**YOUR TASK:** When the line containing "THE CIRCLES ‘OPENING" appears in the entries below, begin printing there and stop after the line containing "Download Plain T"; print each of those lines exactly and no other line.

**EXERCISE INPUT:**
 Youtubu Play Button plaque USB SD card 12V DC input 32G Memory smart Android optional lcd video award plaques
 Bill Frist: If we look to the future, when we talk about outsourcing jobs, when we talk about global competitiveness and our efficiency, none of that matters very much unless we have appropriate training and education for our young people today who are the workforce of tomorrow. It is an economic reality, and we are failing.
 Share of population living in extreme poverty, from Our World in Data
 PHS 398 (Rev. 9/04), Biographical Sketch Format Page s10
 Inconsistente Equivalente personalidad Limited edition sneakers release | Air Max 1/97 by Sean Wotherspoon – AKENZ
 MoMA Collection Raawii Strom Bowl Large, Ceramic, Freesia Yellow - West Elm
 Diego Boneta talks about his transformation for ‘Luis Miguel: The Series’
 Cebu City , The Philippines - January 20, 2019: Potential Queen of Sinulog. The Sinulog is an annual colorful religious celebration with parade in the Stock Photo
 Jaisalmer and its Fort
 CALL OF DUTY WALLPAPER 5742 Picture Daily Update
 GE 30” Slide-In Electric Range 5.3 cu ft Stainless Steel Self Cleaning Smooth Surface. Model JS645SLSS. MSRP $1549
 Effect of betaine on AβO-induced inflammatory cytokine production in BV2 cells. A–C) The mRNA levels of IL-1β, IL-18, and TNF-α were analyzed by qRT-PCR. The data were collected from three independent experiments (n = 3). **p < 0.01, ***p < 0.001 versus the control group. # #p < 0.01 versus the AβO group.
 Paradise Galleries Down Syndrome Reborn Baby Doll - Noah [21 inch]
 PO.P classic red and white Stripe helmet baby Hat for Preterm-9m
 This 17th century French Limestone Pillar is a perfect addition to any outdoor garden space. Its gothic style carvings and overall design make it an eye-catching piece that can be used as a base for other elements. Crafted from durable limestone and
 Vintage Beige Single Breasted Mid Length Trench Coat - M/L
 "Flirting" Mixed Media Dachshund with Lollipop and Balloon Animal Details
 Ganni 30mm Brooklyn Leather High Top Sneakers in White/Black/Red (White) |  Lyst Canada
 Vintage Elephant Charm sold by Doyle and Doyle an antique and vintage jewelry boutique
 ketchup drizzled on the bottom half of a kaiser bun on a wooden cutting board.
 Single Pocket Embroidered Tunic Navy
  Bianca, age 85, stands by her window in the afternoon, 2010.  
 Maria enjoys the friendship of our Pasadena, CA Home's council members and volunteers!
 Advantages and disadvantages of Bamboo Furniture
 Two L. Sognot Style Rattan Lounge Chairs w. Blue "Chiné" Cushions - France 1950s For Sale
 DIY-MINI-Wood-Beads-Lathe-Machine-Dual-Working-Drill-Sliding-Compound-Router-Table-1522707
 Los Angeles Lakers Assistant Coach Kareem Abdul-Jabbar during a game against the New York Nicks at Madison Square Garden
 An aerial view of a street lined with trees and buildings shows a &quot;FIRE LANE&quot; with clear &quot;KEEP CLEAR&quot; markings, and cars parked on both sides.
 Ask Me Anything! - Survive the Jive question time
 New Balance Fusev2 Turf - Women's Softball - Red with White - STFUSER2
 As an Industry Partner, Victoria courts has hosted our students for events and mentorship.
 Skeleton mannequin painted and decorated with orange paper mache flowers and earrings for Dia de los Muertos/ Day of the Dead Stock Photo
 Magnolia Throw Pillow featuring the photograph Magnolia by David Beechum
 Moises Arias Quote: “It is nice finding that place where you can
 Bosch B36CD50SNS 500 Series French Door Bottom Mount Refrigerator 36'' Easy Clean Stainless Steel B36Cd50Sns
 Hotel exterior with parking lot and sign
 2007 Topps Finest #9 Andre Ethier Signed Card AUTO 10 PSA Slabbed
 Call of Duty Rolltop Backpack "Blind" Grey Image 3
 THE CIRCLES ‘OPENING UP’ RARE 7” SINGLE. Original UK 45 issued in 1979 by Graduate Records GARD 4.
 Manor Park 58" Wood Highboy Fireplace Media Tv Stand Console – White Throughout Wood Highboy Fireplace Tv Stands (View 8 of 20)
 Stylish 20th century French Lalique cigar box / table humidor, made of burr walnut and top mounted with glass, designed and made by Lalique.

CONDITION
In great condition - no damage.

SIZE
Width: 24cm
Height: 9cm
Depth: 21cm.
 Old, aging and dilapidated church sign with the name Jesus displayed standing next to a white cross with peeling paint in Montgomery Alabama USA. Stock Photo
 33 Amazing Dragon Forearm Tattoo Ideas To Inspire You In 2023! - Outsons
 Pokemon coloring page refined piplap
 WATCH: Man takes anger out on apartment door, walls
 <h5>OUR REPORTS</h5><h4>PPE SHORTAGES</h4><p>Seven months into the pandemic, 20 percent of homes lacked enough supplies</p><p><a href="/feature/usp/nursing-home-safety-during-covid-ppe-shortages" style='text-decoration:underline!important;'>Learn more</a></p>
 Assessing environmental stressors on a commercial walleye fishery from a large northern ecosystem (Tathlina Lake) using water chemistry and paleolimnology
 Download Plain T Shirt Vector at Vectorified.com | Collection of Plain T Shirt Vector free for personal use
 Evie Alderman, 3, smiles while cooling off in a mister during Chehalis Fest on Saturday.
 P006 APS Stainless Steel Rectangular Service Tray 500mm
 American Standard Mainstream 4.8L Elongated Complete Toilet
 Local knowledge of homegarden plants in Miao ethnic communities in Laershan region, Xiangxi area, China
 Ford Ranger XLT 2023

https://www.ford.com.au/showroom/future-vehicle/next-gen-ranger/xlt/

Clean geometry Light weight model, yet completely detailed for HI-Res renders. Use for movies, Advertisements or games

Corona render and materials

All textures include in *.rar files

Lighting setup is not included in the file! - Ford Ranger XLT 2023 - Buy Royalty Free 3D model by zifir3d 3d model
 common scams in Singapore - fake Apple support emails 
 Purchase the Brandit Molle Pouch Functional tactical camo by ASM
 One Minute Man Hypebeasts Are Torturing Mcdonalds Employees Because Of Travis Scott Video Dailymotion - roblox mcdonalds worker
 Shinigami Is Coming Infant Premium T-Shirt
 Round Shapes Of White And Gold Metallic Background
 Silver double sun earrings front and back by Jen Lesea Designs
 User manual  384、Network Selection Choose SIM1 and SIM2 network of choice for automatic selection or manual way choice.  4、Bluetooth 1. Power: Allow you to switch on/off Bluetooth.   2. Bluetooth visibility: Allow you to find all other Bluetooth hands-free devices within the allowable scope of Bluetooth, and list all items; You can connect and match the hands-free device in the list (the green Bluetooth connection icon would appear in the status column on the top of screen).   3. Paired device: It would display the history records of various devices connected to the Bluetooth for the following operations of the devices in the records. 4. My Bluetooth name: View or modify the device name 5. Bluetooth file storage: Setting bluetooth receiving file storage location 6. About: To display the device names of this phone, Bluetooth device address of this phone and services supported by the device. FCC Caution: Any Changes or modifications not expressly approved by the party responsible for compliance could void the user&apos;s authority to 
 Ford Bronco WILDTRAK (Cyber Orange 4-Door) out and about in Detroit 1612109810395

**EXPECTED ANSWER:**
 THE CIRCLES ‘OPENING UP’ RARE 7” SINGLE. Original UK 45 issued in 1979 by Graduate Records GARD 4.
 Manor Park 58" Wood Highboy Fireplace Media Tv Stand Console – White Throughout Wood Highboy Fireplace Tv Stands (View 8 of 20)
 Stylish 20th century French Lalique cigar box / table humidor, made of burr walnut and top mounted with glass, designed and made by Lalique.

CONDITION
In great condition - no damage.

SIZE
Width: 24cm
Height: 9cm
Depth: 21cm.
 Old, aging and dilapidated church sign with the name Jesus displayed standing next to a white cross with peeling paint in Montgomery Alabama USA. Stock Photo
 33 Amazing Dragon Forearm Tattoo Ideas To Inspire You In 2023! - Outsons
 Pokemon coloring page refined piplap
 WATCH: Man takes anger out on apartment door, walls
 <h5>OUR REPORTS</h5><h4>PPE SHORTAGES</h4><p>Seven months into the pandemic, 20 percent of homes lacked enough supplies</p><p><a href="/feature/usp/nursing-home-safety-during-covid-ppe-shortages" style='text-decoration:underline!important;'>Learn more</a></p>
 Assessing environmental stressors on a commercial walleye fishery from a large northern ecosystem (Tathlina Lake) using water chemistry and paleolimnology
 Download Plain T Shirt Vector at Vectorified.com | Collection of Plain T Shirt Vector free for personal use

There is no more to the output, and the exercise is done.